When he was first released, he was afraid of chairs because they reminded him of being interrogated under duress.

“I often dream of the interrogators ... the sense of fear has cast a long shadow over me,” he said.

Beijing police did not respond to a request for comments.

Lawyer Tang Jitian, who has defended many torture victims and suffered torture himself, said that torture remained difficult to eradicate because the protection of human rights was less of a priority than the protection of the political regime in China.

As the authorities see law enforcers' ability to crackdown on “elements of instability” as a matter of paramount importance in their “stability maintenance” drive, limited steps to revise rules on reducing torture will not lead to effective results, he said.

“When torture is used on ‘enemies’ [of the regime], such as prisoners of conscience, Falun Gong members, [underground] Christians, nobody takes it seriously and people are rarely held accountable”, he said.

Tang was detained for 16 days in March last year when he and several other lawyers investigated the illegal detention of several Falun Gong members in Heilongjiang province.

He was accused of “using cult activities to endanger society” and said he had been hung up and severely beaten while in custody. He said 10 of his ribs had been broken and he was left suffering from tuberculosis.

Lawyers and rights groups say abuses in custody are due to unchecked police power and are facilitated by suspects not having access to lawyers and relatives.

In police-run detention centres, the police are given unlimited and unsupervised access to detainees.

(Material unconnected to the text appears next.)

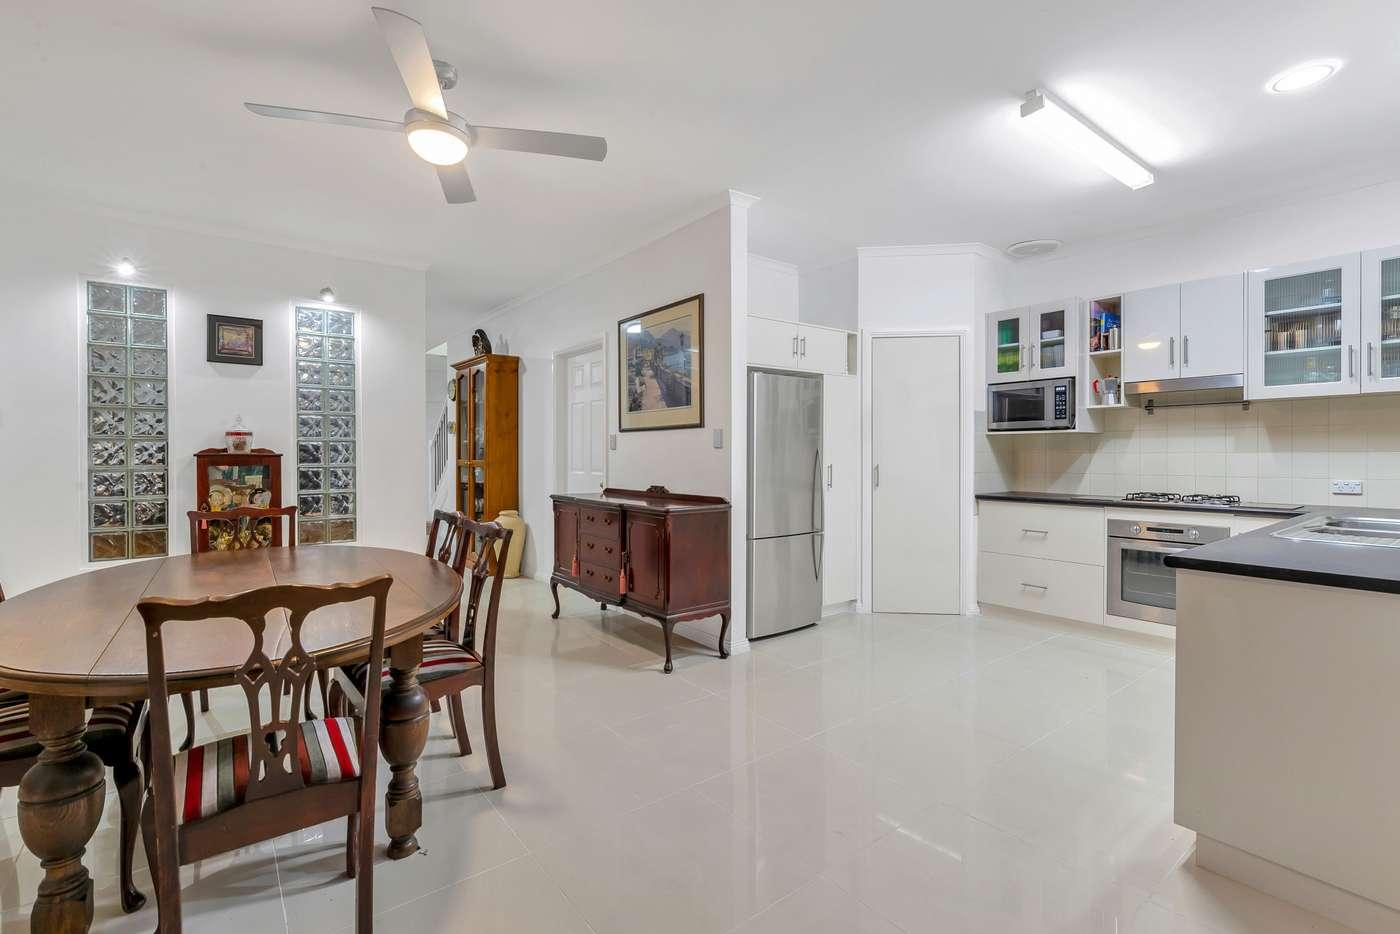 Sixth view of Homely house listing, 4 John Ridley Place, Ridleyton SA 5008

Lawyers are not allowed to be present during interrogations, suspects have no right to remain silent and prosecutors and judges rarely challenge police conduct,

Nicholas Bequelin, East Asia director of Amnesty International, said torture remained “endemic” in China. Unless the government’s torture curbing measures were matched with reforms to grant defendants’ the right to silence, right to legal representation and lawyers’ access, “they are not going to make a significant difference”, he said.

Bequelin said that although the authorities were keen to stop torture in ordinary criminal cases to shore up their public legitimacy, there was little incentive to do the same in political cases because dissidents and activists were viewed as threats to the Communist Party’s monopoly of power.

Human Rights Watch's report, Tiger Chairs and Cell Bosses: Police Torture of Criminal Suspects in China, released in May, found that some police officers deliberately thwarted the measures aimed at protecting detainees by means such as using torture methods that left no visible injuries or removing them from detention centres to be tortured. Prosecutors and judges also often ignored evidence of abuse, the report found.

The rights group also found police were rarely held accountable for their abuses. Out of 158,000 verdicts published on the Supreme People’s Court’s website for the first four months in 2014, of those verdicts in which suspects had alleged police torture, it found only 23 had resulted in the court throwing out evidence, and none had led to an acquittal.

From the same court verdict database, it found only one prosecution of three police officers responsible for torture, but none had served any time in prison.

“Unless the government substantially curtails police powers and significantly increases the basic rights of the defence, officers will still be able to get away with torture, and wrongful convictions will continue to emerge,” said Maya Wang, China researcher at Human Rights Watch.